The Global Sink of Available Potential Energy by Mesoscale Air-Sea Interaction in Observations and High-Resolution Climate Models

Stuart Bishop, North Carolina State University, Raleigh, United States, Justin Small, National Center for Atmospheric Research, Boulder, CO, United States and Frank Bryan, National Center for Atmospheric Research, Climate and Global Dynamics, Boulder, United States
Abstract:
Oceanic eddy potential energy (EPE) generation is proportional to the positive covariance between sea surface temperature (SST) and net air-sea surface heat flux (NHF). The NHF arises from contributions due to short wave, long wave, and turbulent sensible and latent heat fluxes. A recent study with a regional coupled model of the Kuroshio Extension that explicitly resolves mesoscale eddies shows that air-sea feedbacks dominate EPE destruction, which amounts to more than 70 percent of the EPE extracted from the Kuroshio Extension (Ma et al. 2016).

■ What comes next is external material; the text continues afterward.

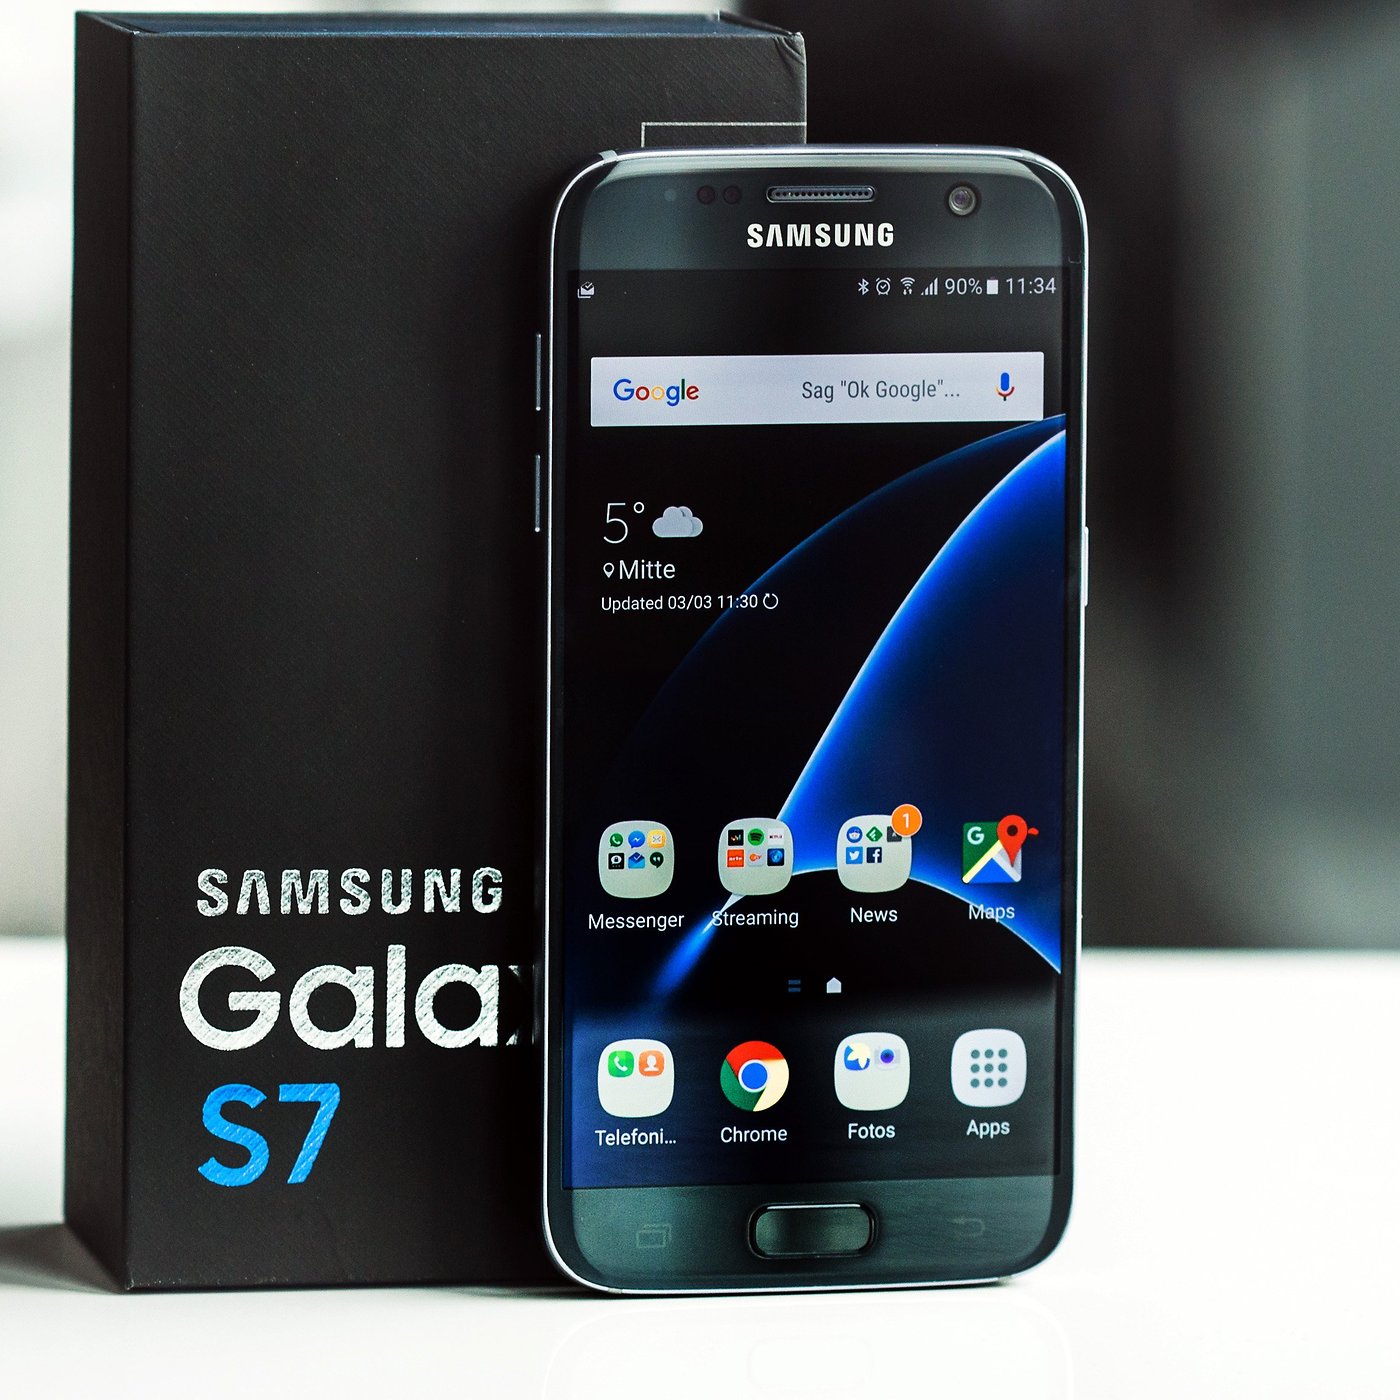 Samsung Galaxy Z Flip 5 Hands-On: Bigger Display, More Personal  Customizations - CNET

However, it is possible that the air-sea feedbacks associated with mesoscale eddies are exaggerated in this modeling study. Here we use both high-resolution observations (J-OFURO3) and output from a fully coupled high-resolution global climate simulation (CESM) to assess the EPE generation term and its time and space scale dependence. The air-sea feedbacks generated by mesoscale eddies do act as a sink of global EPE available to be converted to eddy kinetic energy in a Lorenz energy cycle rather than a source, which had been previously proposed in von Storch et al. (2012). The traditional definition of an “eddy” as a deviation from the time mean does not accurately reflect their true essence, which is compromised in regions of the ocean with a large seasonal cycle and deceptively appears as a source of EPE. We find consistent results between model and observations that dissipation is largest in the midlatitude Southern Ocean and northern hemisphere Western Boundary Currents, i.e. Kuroshio Extension and Gulf Stream, as well as the tropics where SST variability is highest globally. By successively smoothing the data sets spatially and temporally we find that dissipation is largest at time scales less than a year and at length scales less than 100 km, within the mesoscale band. This sink of EPE diminishes at longer time and space scales reflecting what is missing in standard low-resolution climate simulations that don’t resolve mesoscale eddies.